According to FINRA, Quint Capital Corporation was fined $35,000 and Alexander Norman Quint was fined $10,000 and suspended for five months after they permitted an individual who was statutorily disqualified to associate with the firm and engage in activities requiring registration as a municipal securities representative.
The case reveals a serious compliance failure in the firm's supervision of disqualified individuals. While FINRA's National Adjudicatory Counsel initially approved an application for the disqualified individual to work at the firm, this approval was contingent on SEC authorization that never came. Despite knowing the approval was not effective, Quint and the firm provided the individual with passwords and system access to trade municipal bonds. The individual then referred four customers to the firm, discussed municipal securities transactions with them, and executed trades on their behalf—all while not properly registered.

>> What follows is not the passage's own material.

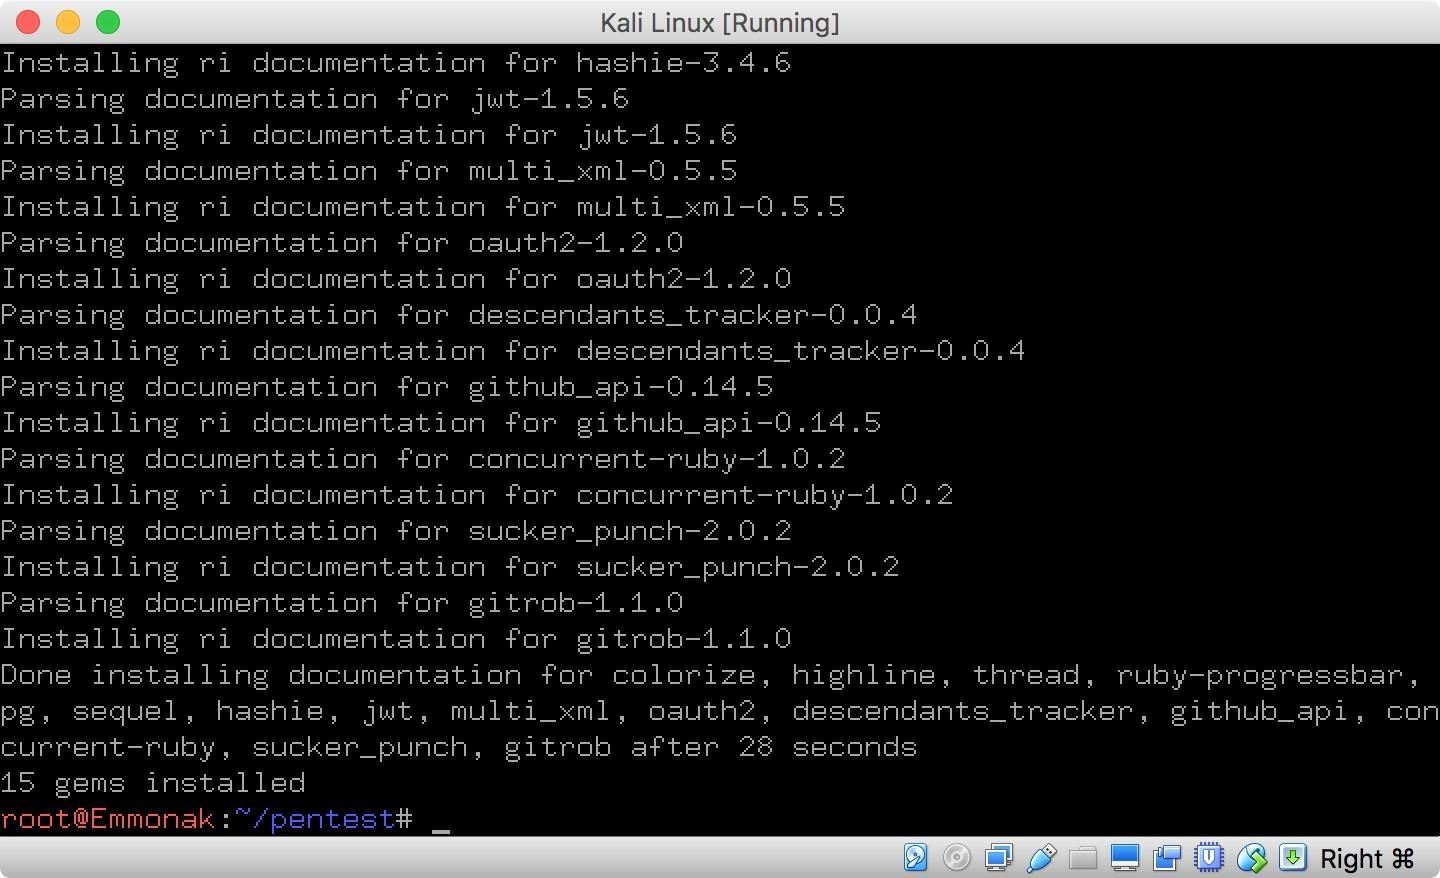 How to Install Gitrob on Kali Linux to Mine GitHub for Credentials

This case highlights the importance of understanding conditional regulatory approvals. The firm and its principal misinterpreted FINRA's notice, treating it as effective authorization when it explicitly stated that SEC approval was still required. This oversight allowed an individual with a history of securities violations—including an SEC bar and federal court injunction—to conduct securities business improperly.
Investors should understand that firms have strict obligations to ensure all personnel are properly registered and qualified. Statutory disqualifications exist to protect investors from individuals who have violated securities laws. When firms circumvent these protections, even unintentionally, they put customers at risk. This case demonstrates why it's important for investors to verify that their financial professionals are properly registered through FINRA's BrokerCheck system, which discloses any disciplinary history or registration issues.